Leslie’s devotion to the cultivation of wisdom and compassion guides her work as a psychologist in Placerville. Parenting and partnership continue to be integral paths of practice for Leslie. She and her husband of 37 years, Russ, enjoy their adult children, Olivia and Connor. Russ has reinvented his life from an excavation contractor to a social worker. Together they enjoy creating sacred spaces for transformation. They are delighted to contribute to Aloka Vihara and are deeply grateful for a monastic community 12 minutes from home.
Tara Mulay found the Buddhadharma in 2003, and ever since then she has taken increasing joy in daily and intensive retreat practice, as well as in service. She was honored to serve on the planning committee and board of San Francisco’s Mission Dharma, including as its first board president, from 2010 to 2018. In 2016, she co-founded the San Francisco People of Color Insight Meditation Group and she continues as one of its core leaders. Tara has felt the profound benefit of the presence and teachings of the Aloka Vihara Bhikkhunis in California, and she is honored to support the further establishment of the Bhikkhuni Sangha as a member of the board.
Tara brings over 20 years of experience as criminal defense appellate attorney, which has both informed and catalyzed her Dharma practice. Currently, Tara is a participant in the 2017-2021 Insight Meditation Center Teacher Training Program, an initiative that is focused on expanding inclusivity in the Dharma in the United States ‘to foster a refuge that better reflects the reality of our world in all its diversity and cultural richness’.
San Francisco, California
Trip met the sisters in San Francisco in 2010 and was moved by their teachings and their desire to build a nuns community in California.

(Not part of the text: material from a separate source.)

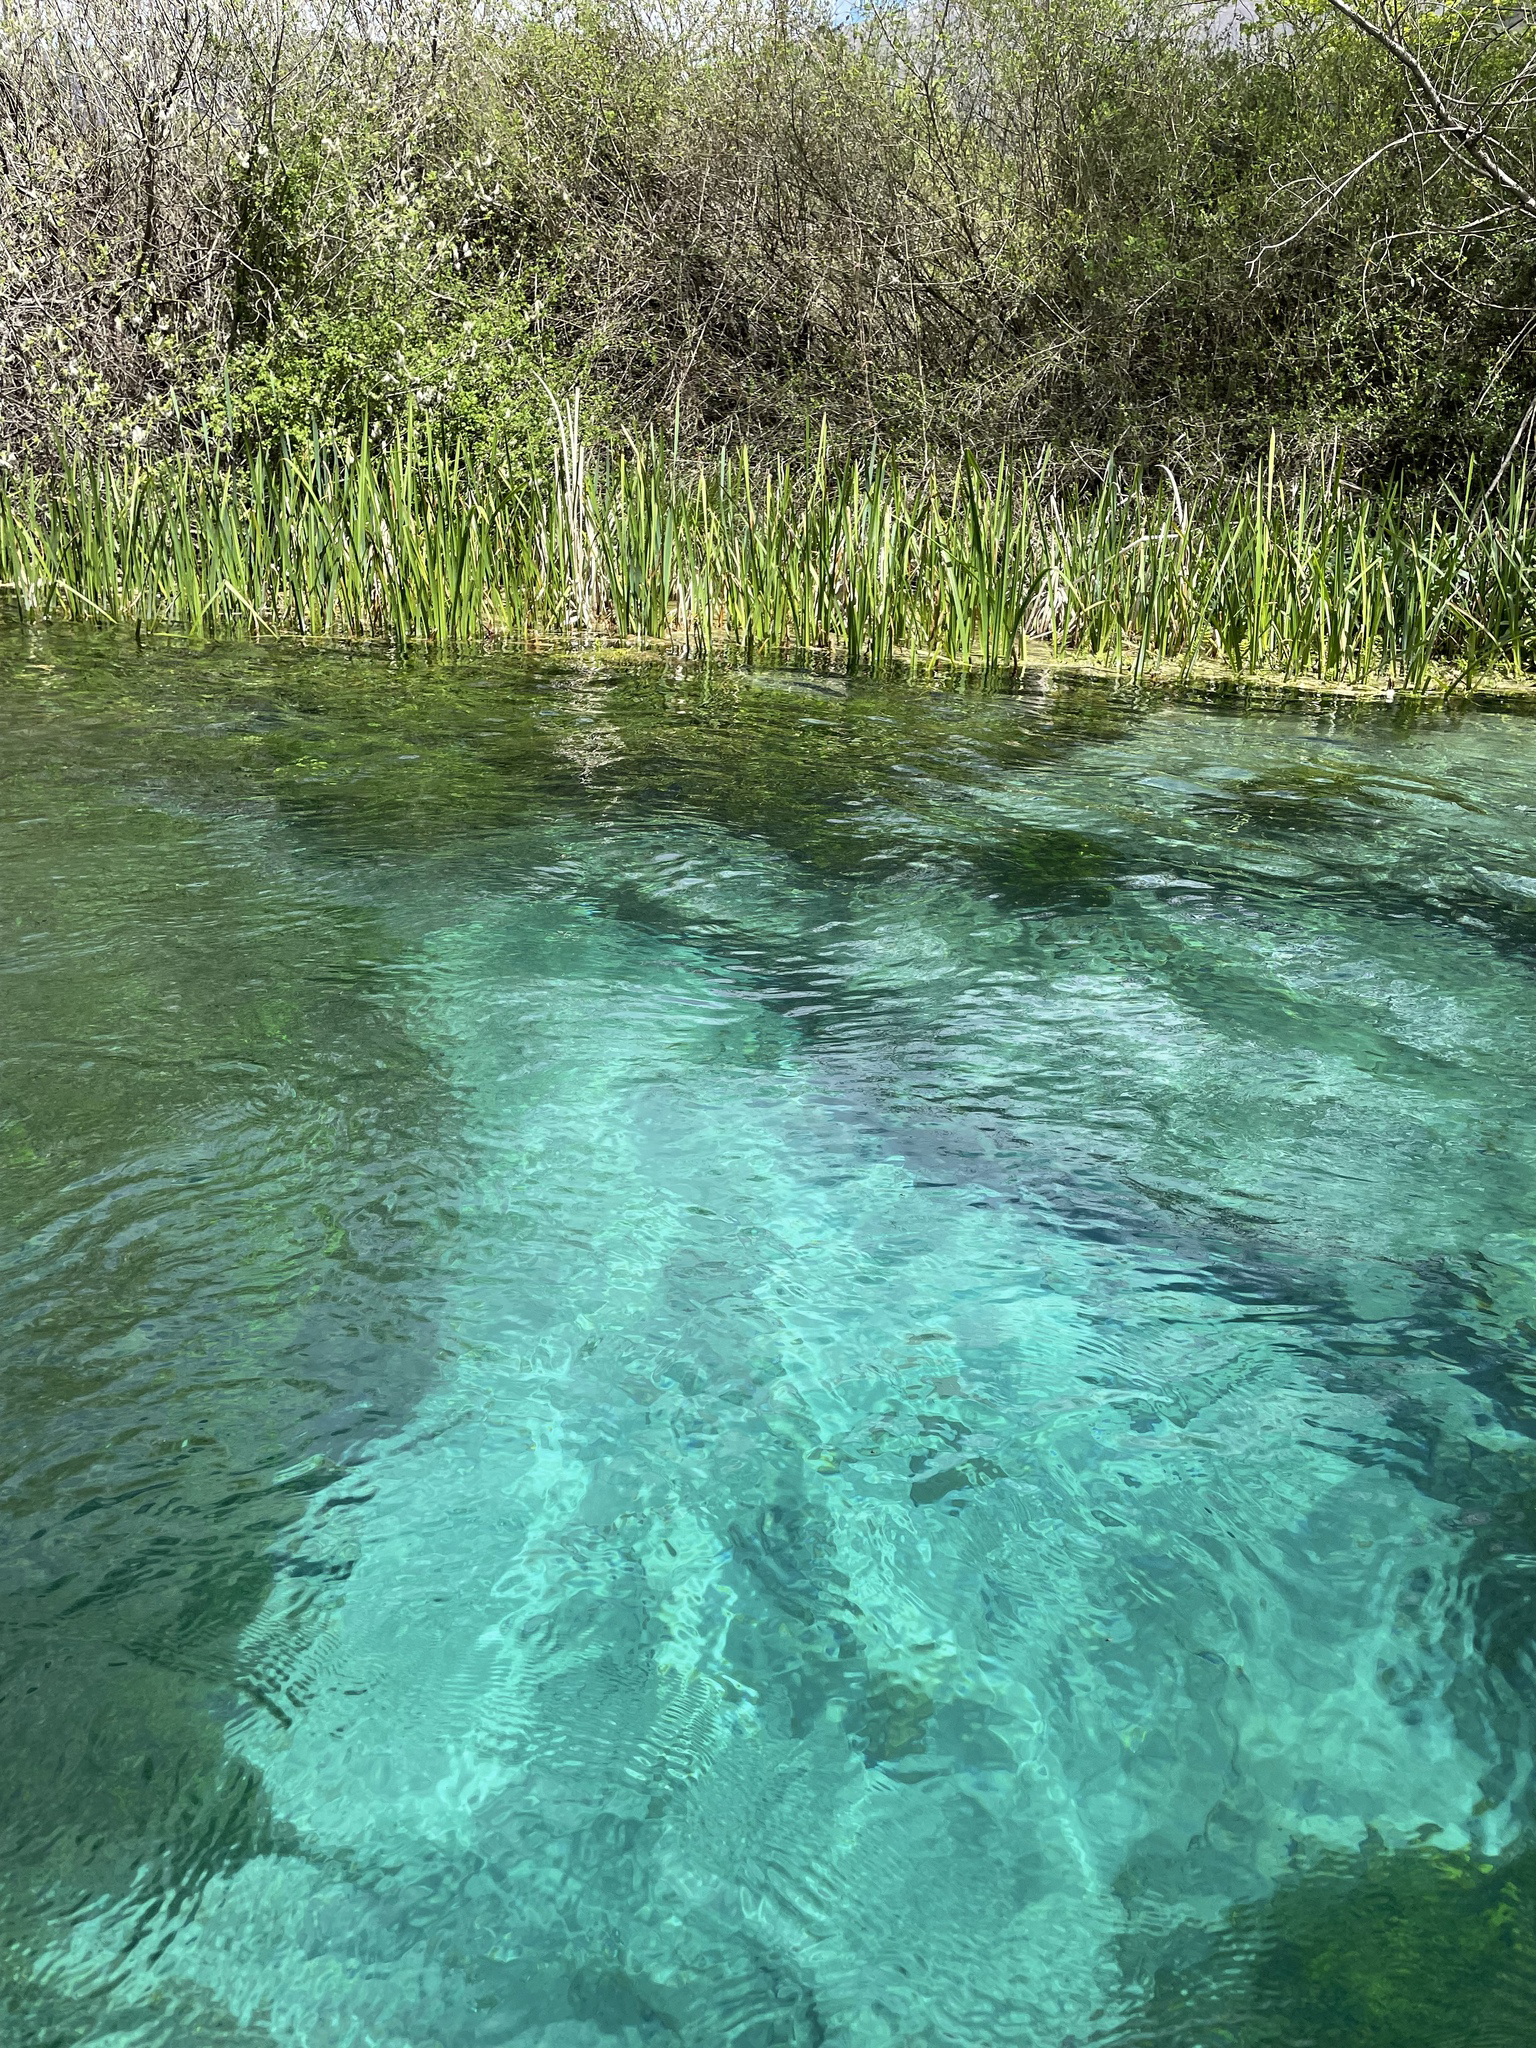 Canoa sul fiume Tirino il fiume più pulito d'Italia due giorni in abruzzo

He has been practicing in the Theravadan tradition since 2004, including for a brief time as a monk in Burma. He serves on the Board of San Francisco Insight, where he also leads sitting groups and teaches meditation classes. He is a psychotherapist in private practice in San Francisco and a former attorney. He feels very grateful to be able to serve Saranaloka and the Aloka Vihara community.